Two strings, "s1" and "s2," are given. The task is to perform the minimum number of operations (delete and insert) on s1 so as to transform it into s2.
Input: s1 = abcd, s2 = zgbcf. Output: 5
Input: s1 = heap, s2 = pea. Output: 3
Solutions
Method 1: Recursion
This problem is a variation of the Longest Common Subsequence (LCS).
Start from the last elements (n-1, m-1) of both subsequences:
If s1[n-1] == s2[m-1], this character is common, so remove it from both sequences and check for the remaining (0...n-2, 0...m-2) characters.

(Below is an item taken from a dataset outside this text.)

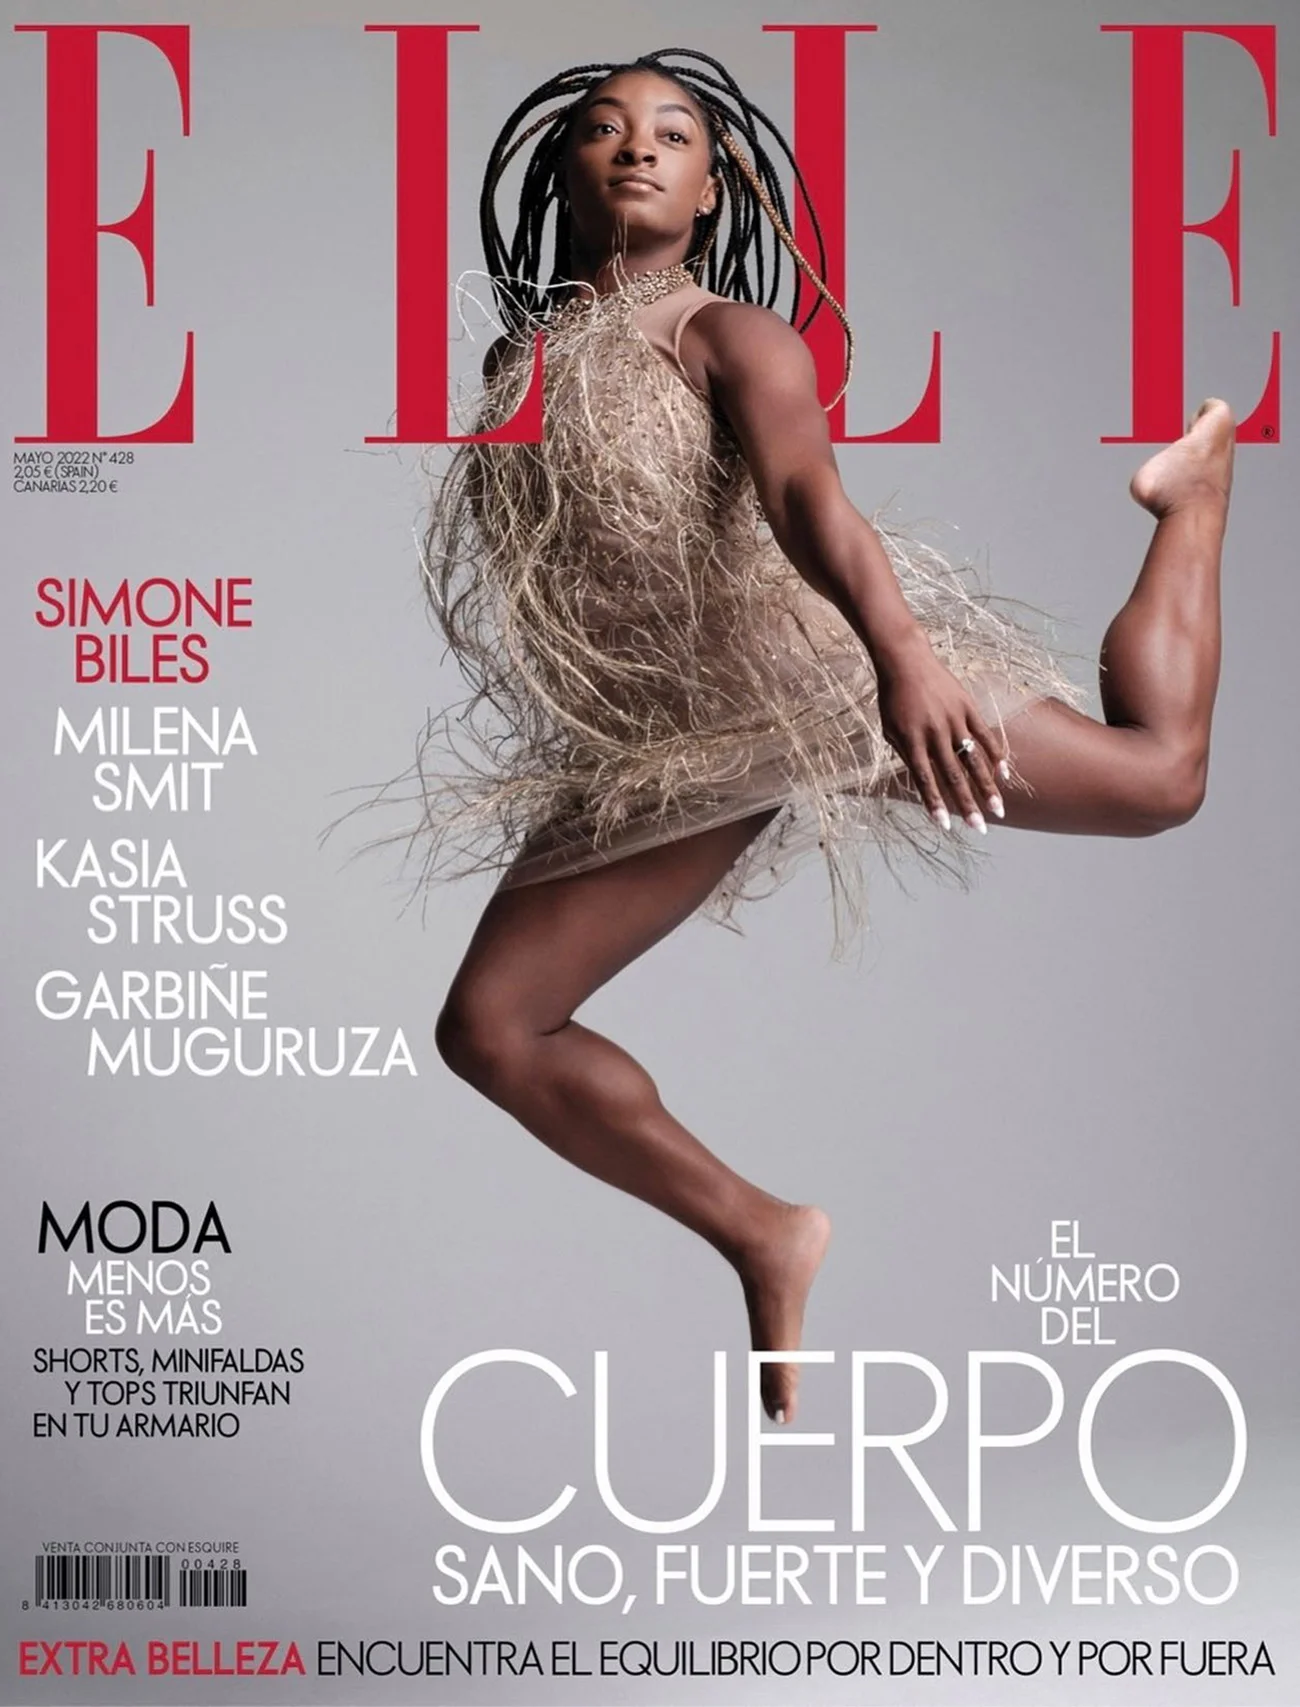 Simone Biles covers Elle Spain May 2022 by Juankr

If s1[n-1] != s2[m-1], then check recursively for following choices:
1) Remove current character from s1 -> add +1 to operations, n = n-1
2) Add current character from s2 to s1 -> add +1 to operations, s1 + s2.charAt(m - 1), n= n+1
return the minimum operations of the above two choices.
If n==0, return m (remaining elements from s2 has to be inserted in s1), else if m==0, return n (remaining elements from s1 has to be deleted). This is the base condition.
Complexity
This solution is exponential ((2^n)) in term of time complexity.

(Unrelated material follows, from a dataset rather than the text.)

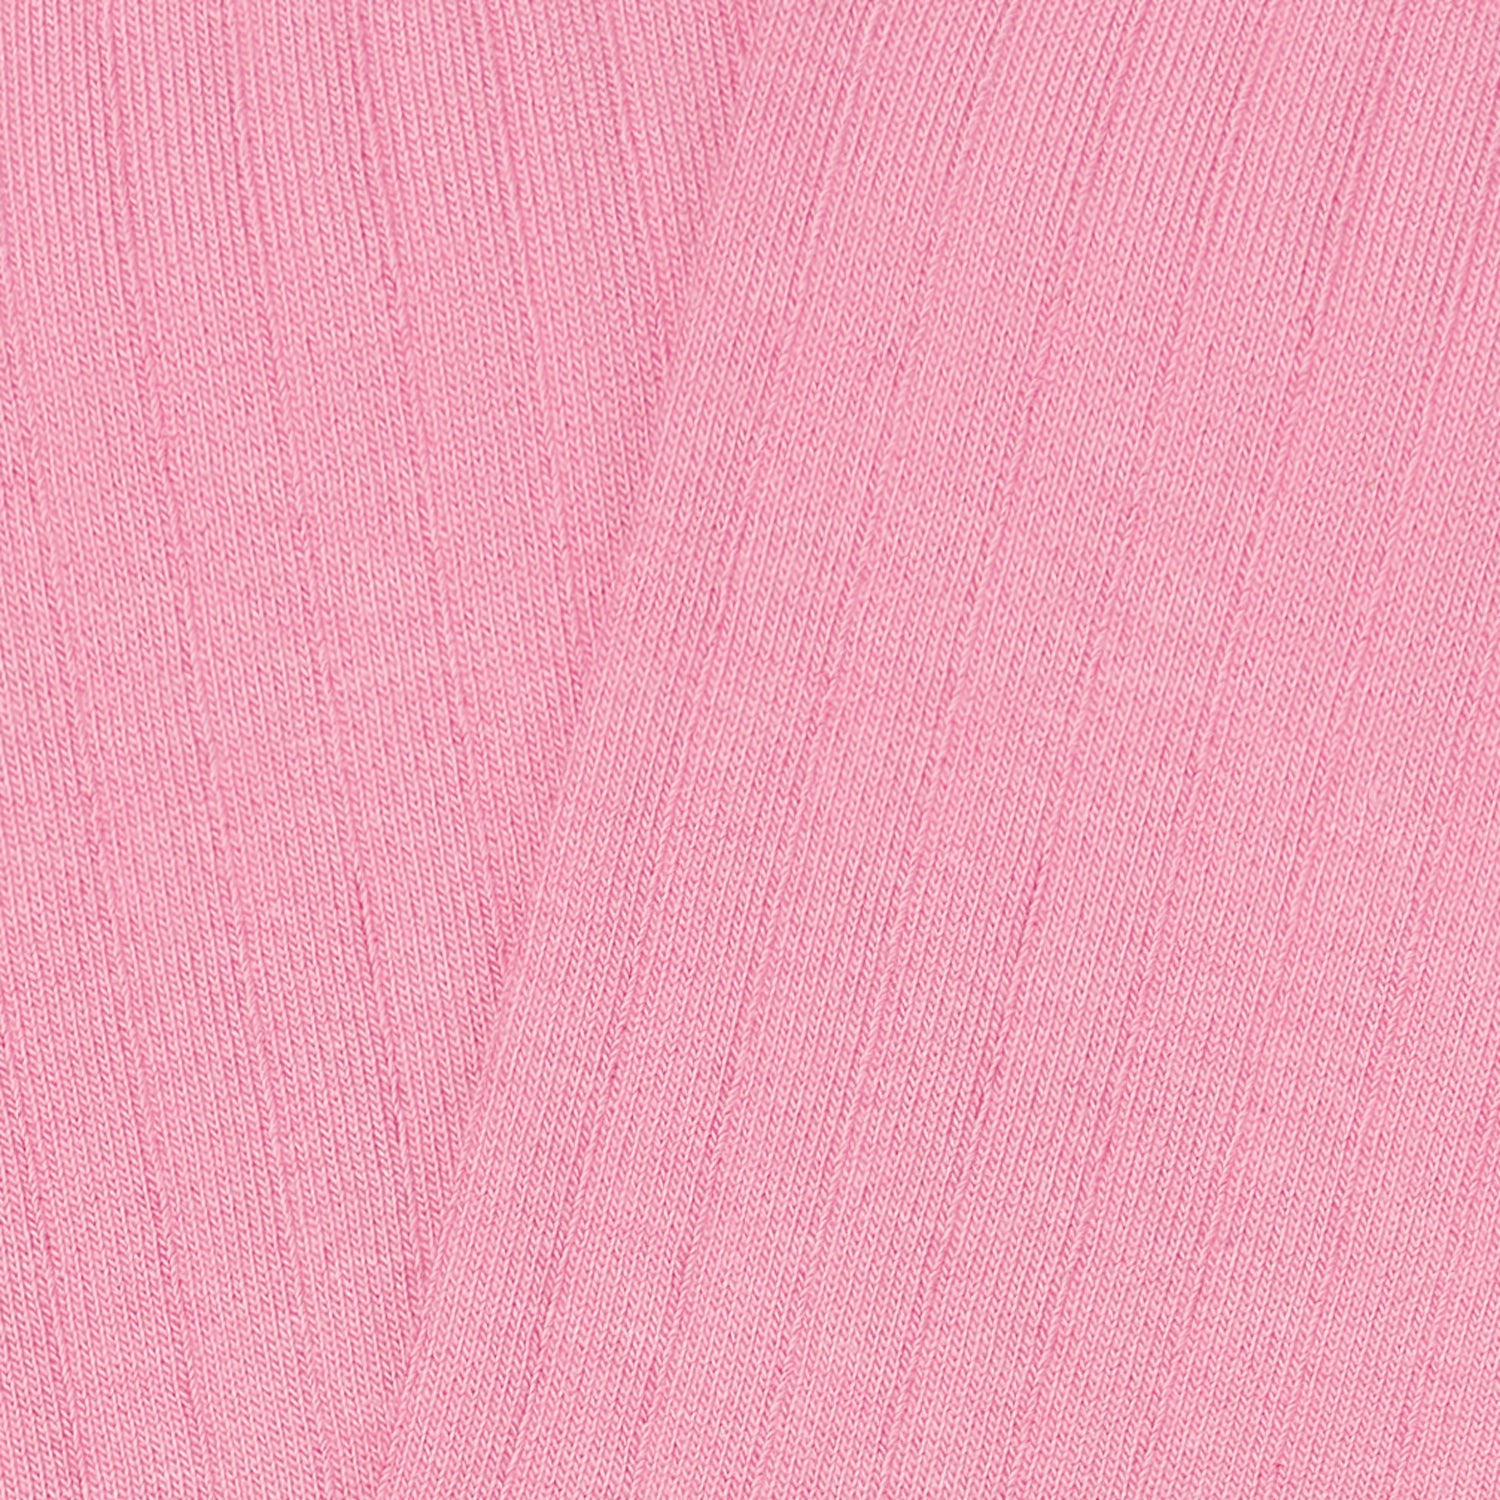 KH Ribbed - Pink (3)

In addition, O(n) auxiliary stack space was used for the recursion stack.
Method 2: Memoization
The Memoization Technique is basically an extension to the recursive approach so that we can overcome the problem of calculating redundant cases and thus decrease time complexity.
We can see that in each recursive call only the value of "n" and "m" (length) changes, so we can store and reuse the result of a function(..n, m..) call using a "n * m" 2-D array.

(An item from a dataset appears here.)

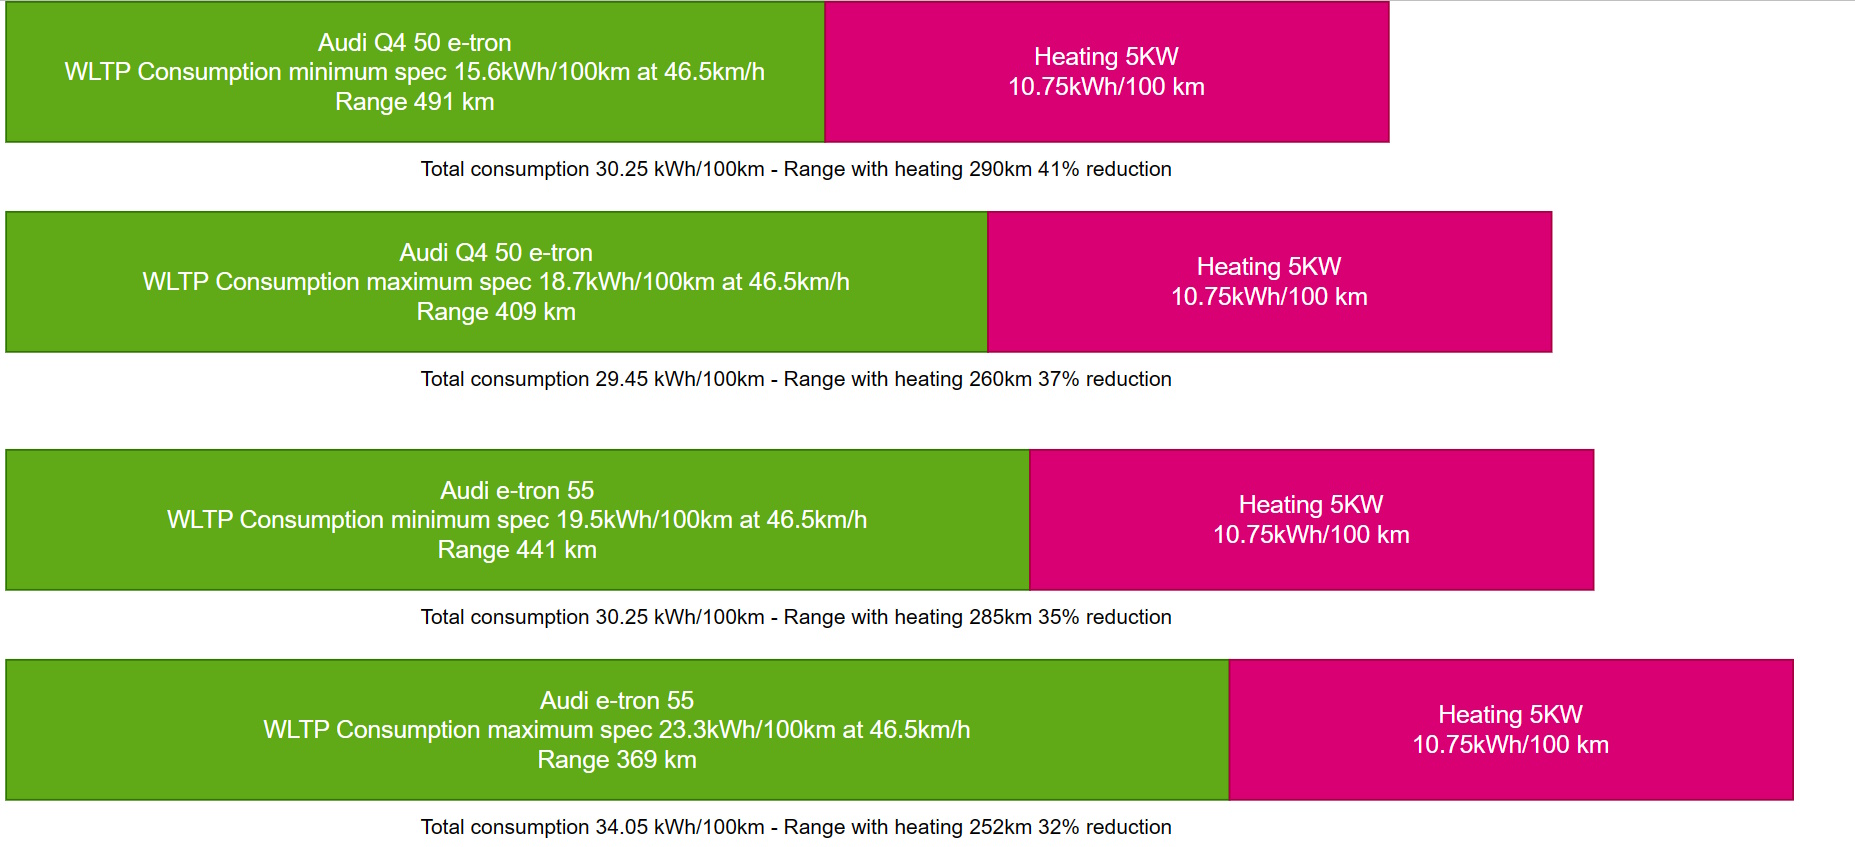 How 5KW heating affect range on Audi Q4 50 e-tron and Audi e-tron 55

The 2-D array will store a particular state (n, m) if we get it the first time.
Now, if we come across the same state (n, m) again, instead of calculating it in exponential complexity, we can directly return its result stored in the table in constant time.
Complexity
The time complexity of this solution is (n * m).
In addition, O(n * m) auxiliary space was used by the table.